TASK DETAILS: Leave the pictures out, and transcribe the material below exactly from the line with "48cm 【INV48】BK-CROSS-CARB メンズ" to the line with "足疗机专用配件三代加热夹板脚板足底按摩器AMZ-03配件通用健尔马", both lines included.

RECORDS PROVIDED:
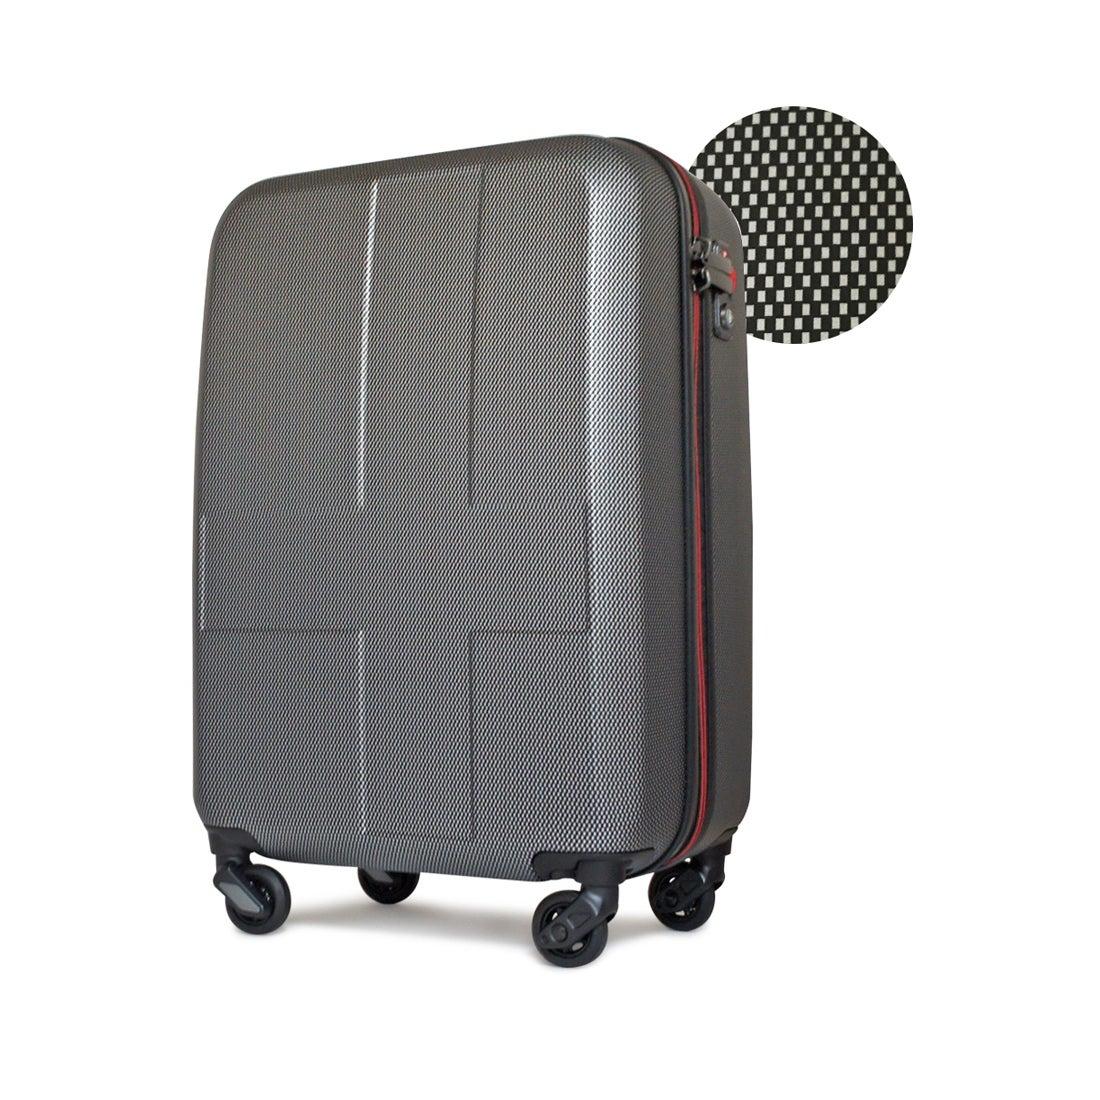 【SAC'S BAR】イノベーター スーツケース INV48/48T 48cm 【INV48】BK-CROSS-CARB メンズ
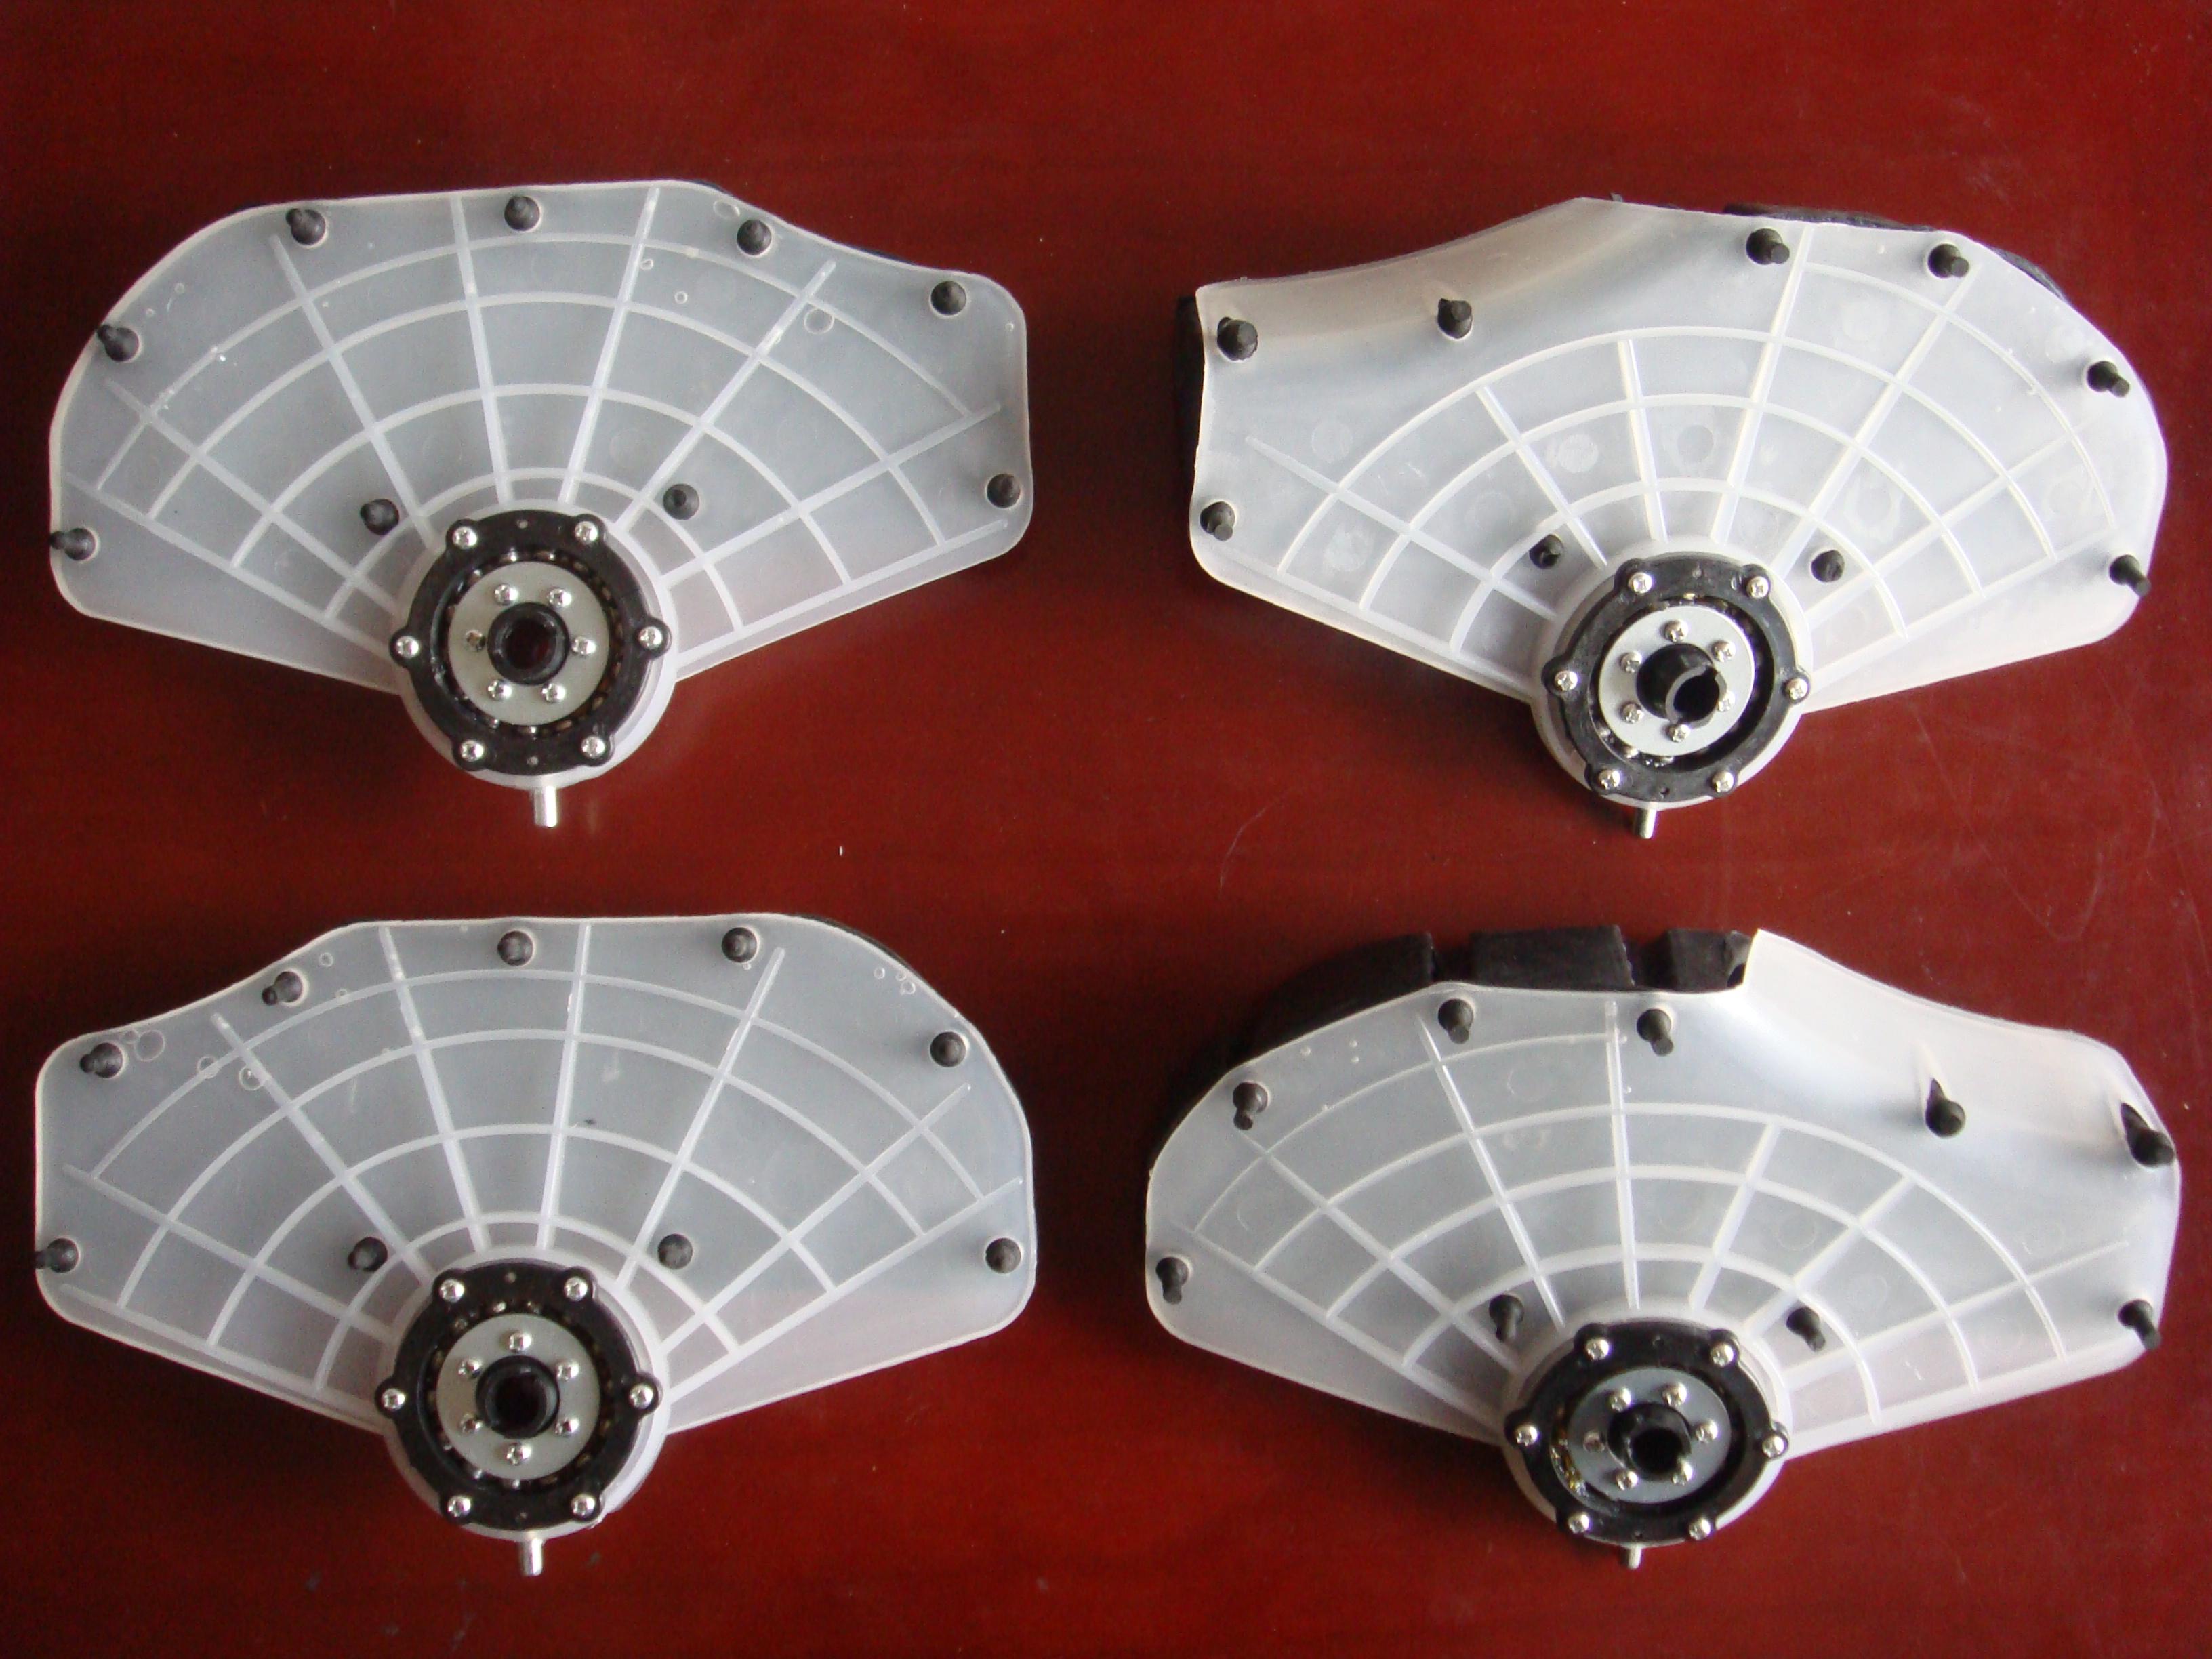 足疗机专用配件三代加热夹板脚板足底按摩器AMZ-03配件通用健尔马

...

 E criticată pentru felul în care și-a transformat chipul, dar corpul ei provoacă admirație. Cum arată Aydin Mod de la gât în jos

...

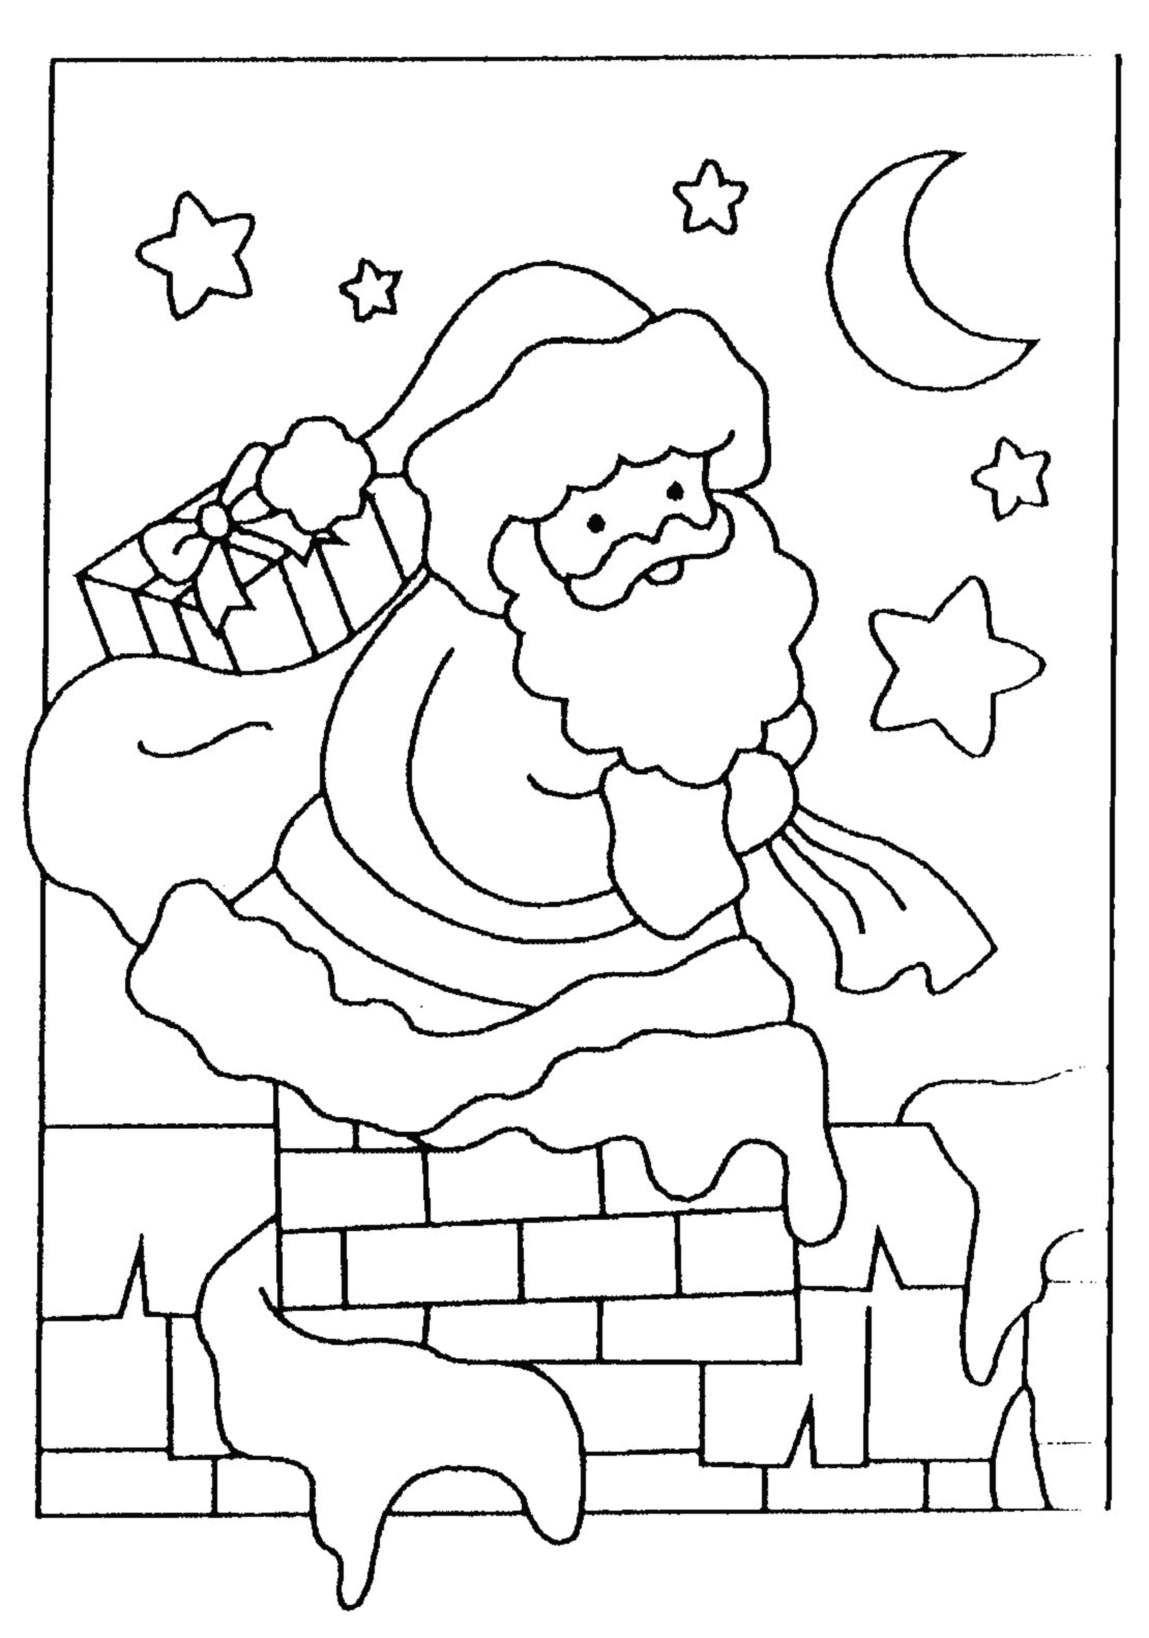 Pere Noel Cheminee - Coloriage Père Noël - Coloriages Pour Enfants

TASK RESPONSE:
 【SAC'S BAR】イノベーター スーツケース INV48/48T 48cm 【INV48】BK-CROSS-CARB メンズ
 足疗机专用配件三代加热夹板脚板足底按摩器AMZ-03配件通用健尔马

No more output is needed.